Taking the high road sometimes requires a painful, introspective look at yourself and how you can improve.  The Hawaii State Department of Education (DOE) earlier this year embarked on a journey of self-introspection, specifically of our school bus transportation system and how we manage it.

When I arrived to the DOE in early July, measures were already being taken to streamline routes, as well as commission a study to find out how and why costs had gone through the roof in recent years.   As stewards for Hawaii’s taxpayers – many of whom are our students’ parents – it was critical for us to investigate how we could better serve our communities.  

We have already taken important steps to increase efficiencies and cut costs, including:

  • Embedding procurement excellence by centralizing our procurement process.
  • Becoming a member of the National Association for Pupil Transportation to keep up with the industry’s best practices.  
  • Testing systems of technology that will bring efficiencies to route management and rider tracking for current and future student transportation needs.

Most recently, along with the Board of Education (BOE), we hired Management Partnership Services (MPS) to analyze our bus network, and make recommendations for improvement.  This thorough review was necessary to clearly identify missteps taken over the years so that they are not repeated.

More than 55 contracts expire this month, creating an opportunity for us to correct what has gone wrong for too long.  We will be toughening up qualifications for contractors and be more diligent in managing services provided. We presented MPS’ findings before the BOE and a joint state House-Senate informational briefing. Both bodies are critical to approving the changes that the Department intends to make.

The DOE is now in the second year of a seven-year strategic plan, which focuses on preparing students for college, careers and citizenship.  Bus transportation is much more than finding the best value for the state. It is a vital part of getting our students into their classrooms efficiently, safely and on a timely basis.  

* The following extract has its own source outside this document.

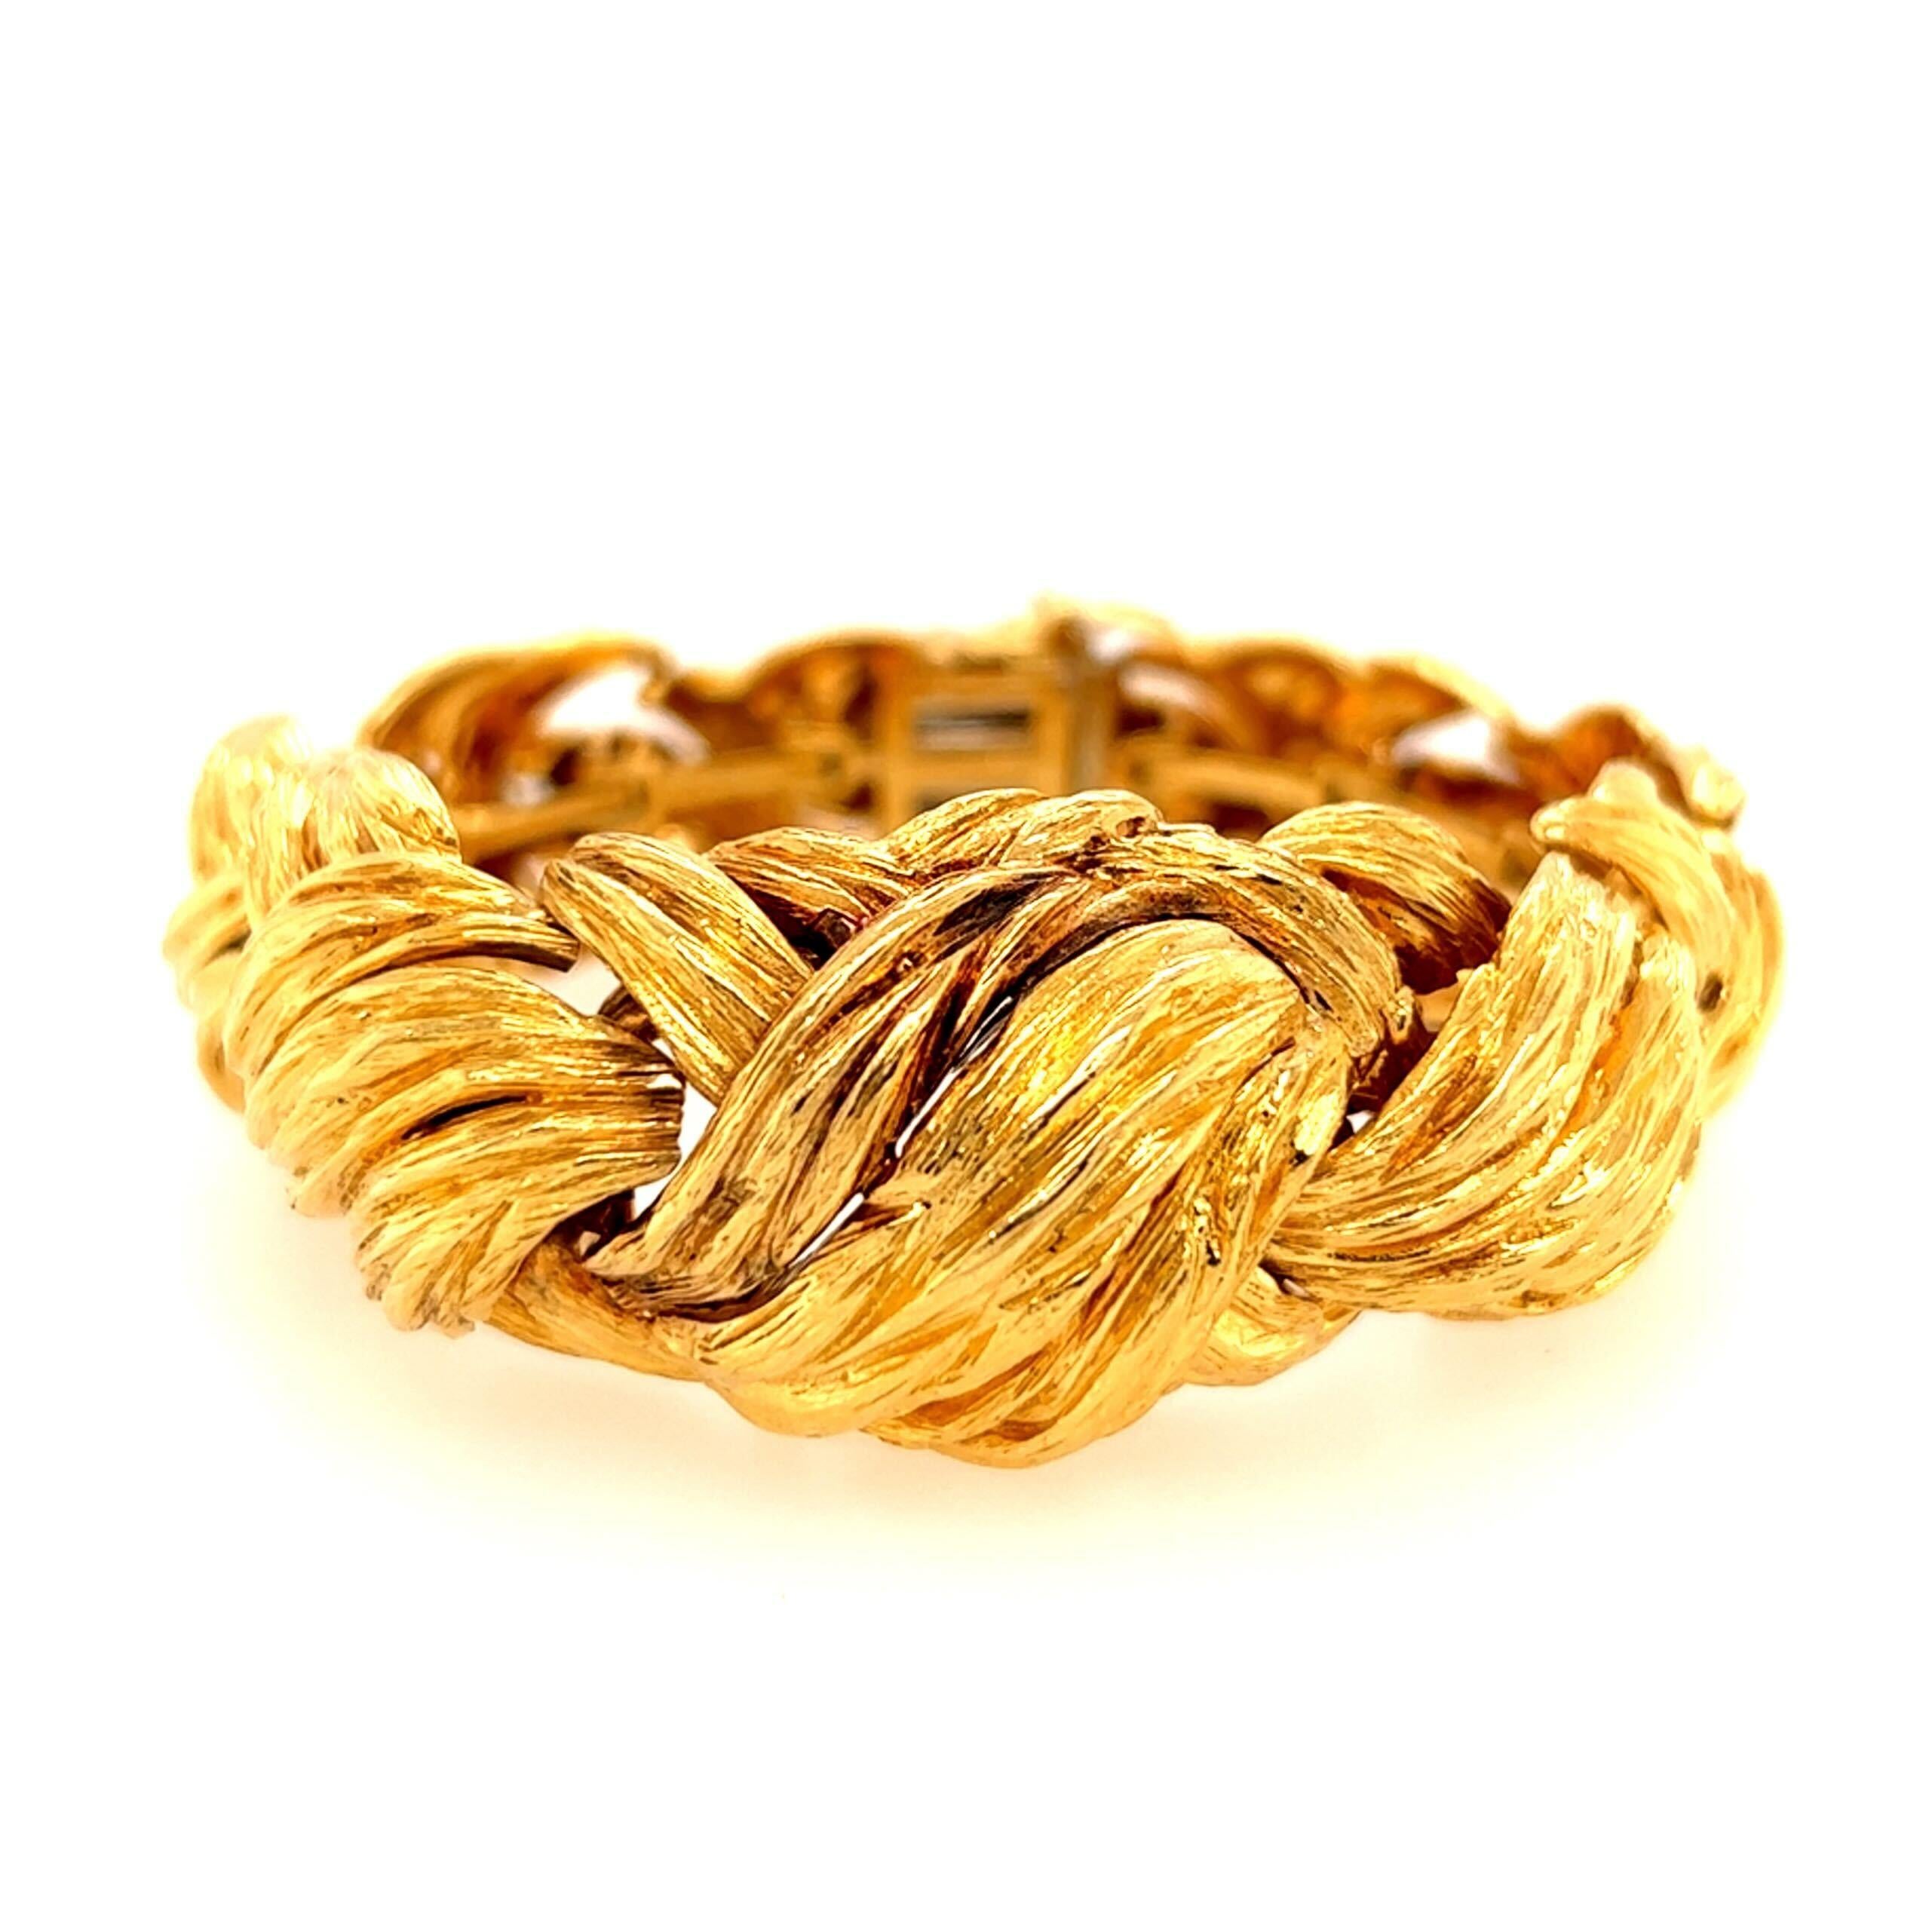 DAVID WEBB Gold Bracelet.

The DOE’s school bus transportation system serves more than 35,000 students annually through 700 buses operated by 12 contractors on five islands: Kauai, Oahu, Maui, Molokai and Hawaii Island. In late June, the DOE announced more than 100 bus routes were being eliminated due to rising costs and a loss of funding. The DOE streamlined services and restored a number of routes, but was unable to restore all of them. In all, more than 2,300 students at 51 different schools were affected.

As we work towards improving the system and bus routes, we are prioritizing our efforts in communities that were affected more severely than others by previous route eliminations.  Additionally, we are streamlining the bell schedules at schools to maximize routes and ridership.

It should be noted that there is no magic bullet and change isn’t going to happen overnight, but the public can be assured that the DOE is committed to implementing change that will result in better value and service for our communities.

About the author: Raymond L’Heureux has served as assistant superintendent for the Hawaii State Department of Education’s Office of School Facilities and Support Services since July. Before retiring as a colonel from the United States Marine Corps, he served at U.S. Marine Corps Forces, Pacific at Camp Smith, which has oversight of 18 bases and stations in the Pacific.